*Work required*.
In the records below, begin at the line that has "Sonar A.S. Aquatic Herbicide - 8 oz" and stop after the line that has "Majesda® - Detachable"; quote those lines verbatim and nothing more.

*Available data*.

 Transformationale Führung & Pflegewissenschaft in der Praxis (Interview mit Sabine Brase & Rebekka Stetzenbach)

* * *

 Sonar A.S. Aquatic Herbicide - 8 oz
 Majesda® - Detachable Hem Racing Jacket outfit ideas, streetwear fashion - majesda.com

...

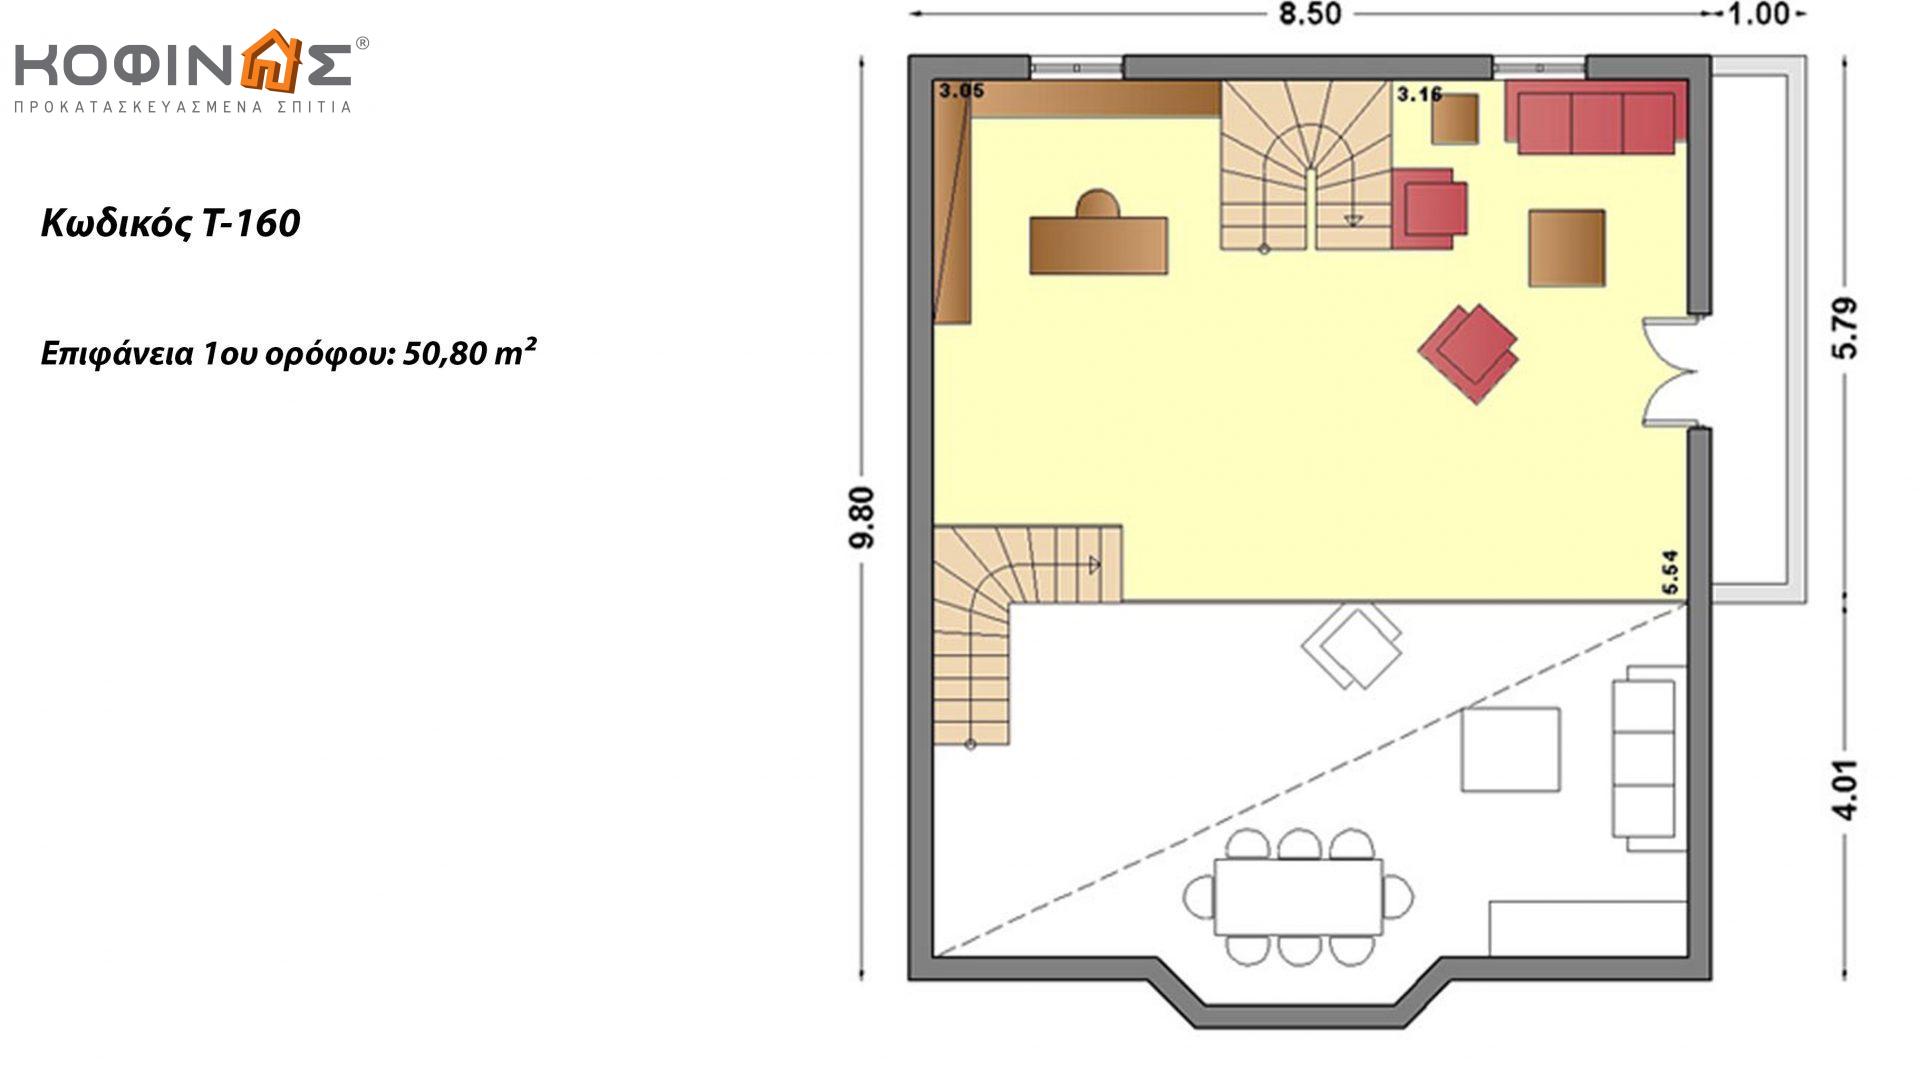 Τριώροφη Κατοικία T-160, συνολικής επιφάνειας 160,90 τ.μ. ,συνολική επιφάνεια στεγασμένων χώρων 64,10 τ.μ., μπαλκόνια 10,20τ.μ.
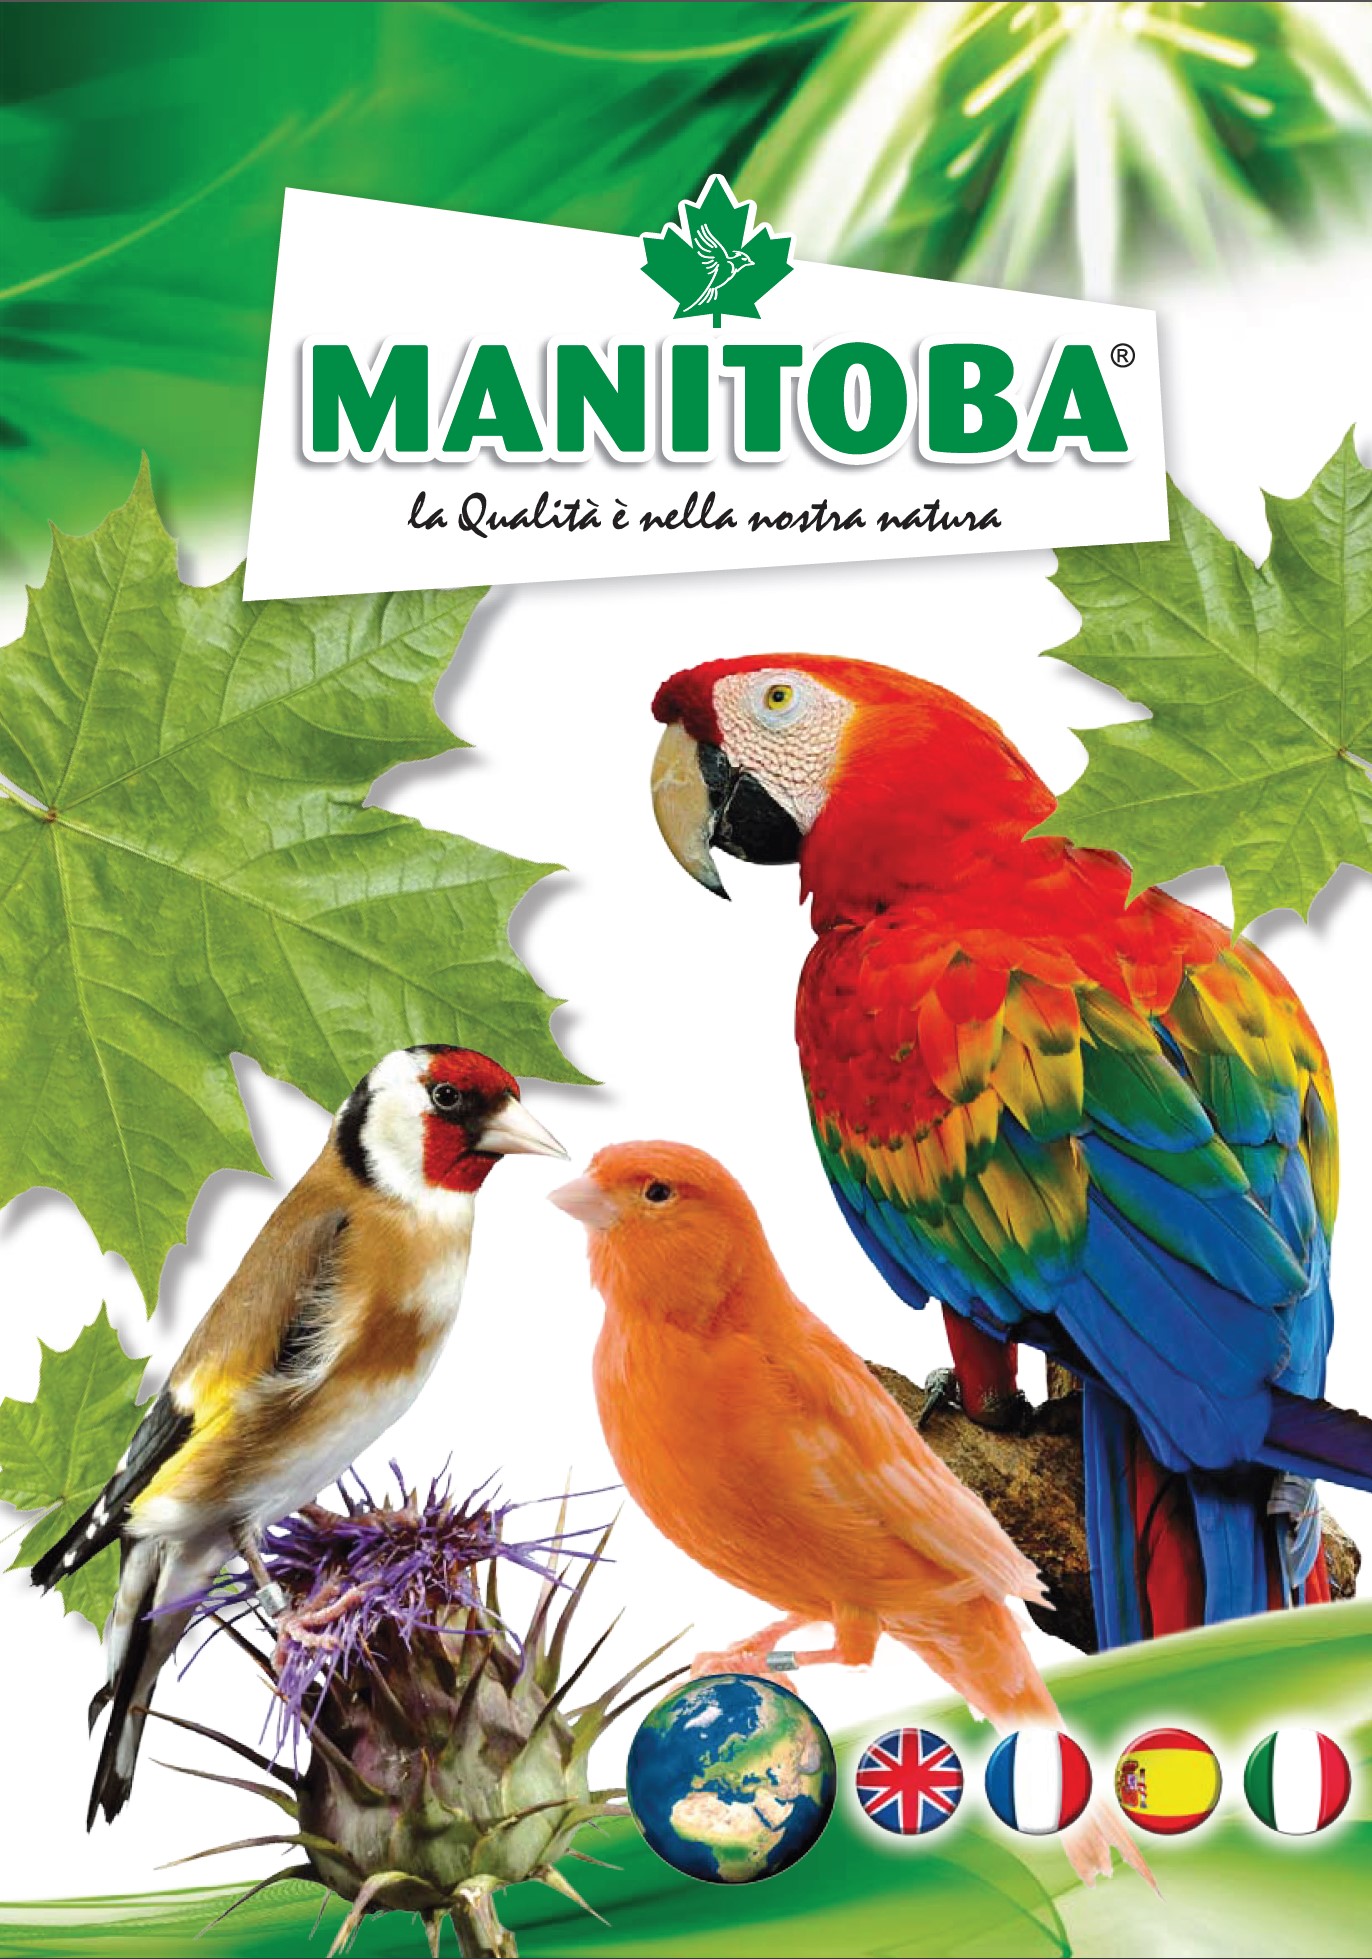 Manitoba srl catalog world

*Worked solution*.
 Sonar A.S. Aquatic Herbicide - 8 oz
 Majesda® - Detachable Hem Racing Jacket outfit ideas, streetwear fashion - majesda.com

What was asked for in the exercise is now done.